We measure the rotation periods of 19 stars in the Kepler transiting planetary systems , P _ { rot,astero } from asteroseismology and P _ { rot,phot } from photometric variation of their lightcurve .
Two stars exhibit two clear peaks in the Lomb-Scargle periodogram , neither of which agrees with the seismic rotation period .
Other four systems do not show any clear peak , whose stellar rotation period is impossible to estimate reliably from the photometric variation ; their stellar equators may be significantly inclined with respect to the planetary orbital plane .
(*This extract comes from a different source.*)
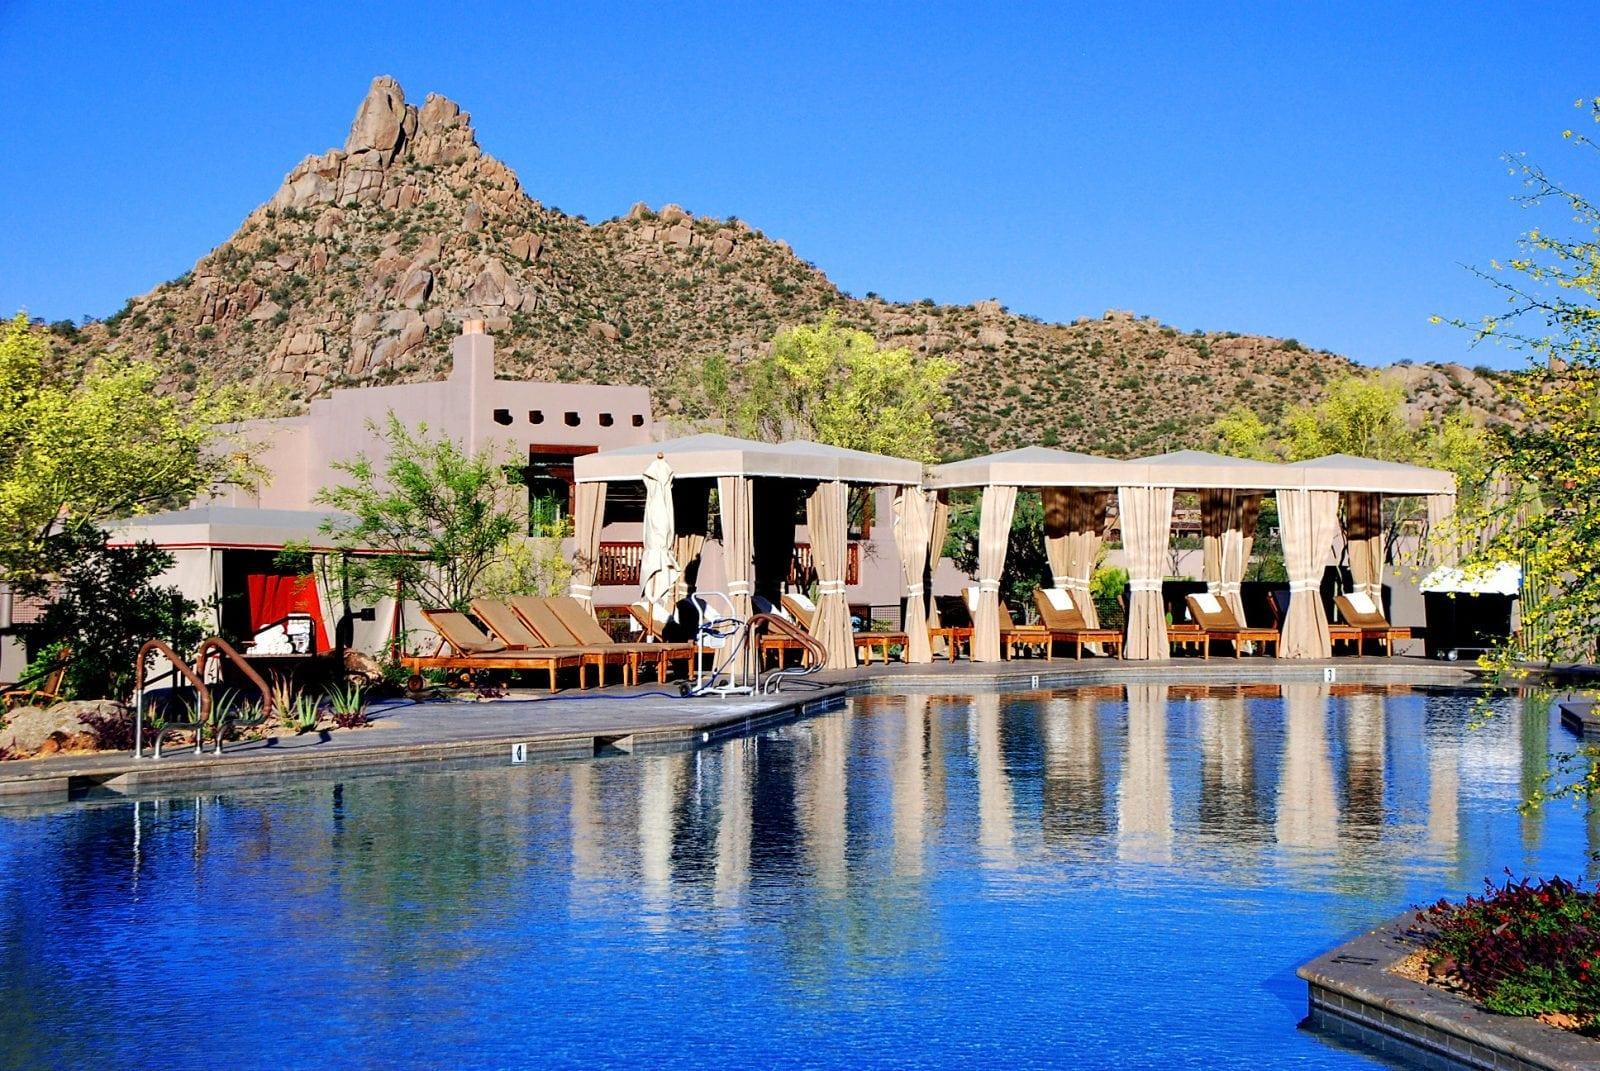 Four Seasons Resort at Troon North Scottsdale Arizona - Primăvară cu iz american

For the remaining 13 systems , P _ { rot,astero } and P _ { rot,phot } agree within 30 % .
Interestingly , three out of the 13 systems are in the spin-orbit resonant state in which P _ { orb,b } / P _ { rot,astero } \approx 1 with P _ { orb,b } being the orbital period of the inner-most planet of each system .
The corresponding chance probability is ( 0.2 - 4.7 ) % based on the photometric rotation period data for 464 Kepler transiting planetary systems .
While further analysis of stars with reliable rotation periods is required to examine the statistical significance , the spin-orbit resonance between the star and planets , if confirmed , have important implications for the star-planet tidal interaction , in addition to the origin of the spin-orbit ( mis- ) alignment of transiting planetary systems .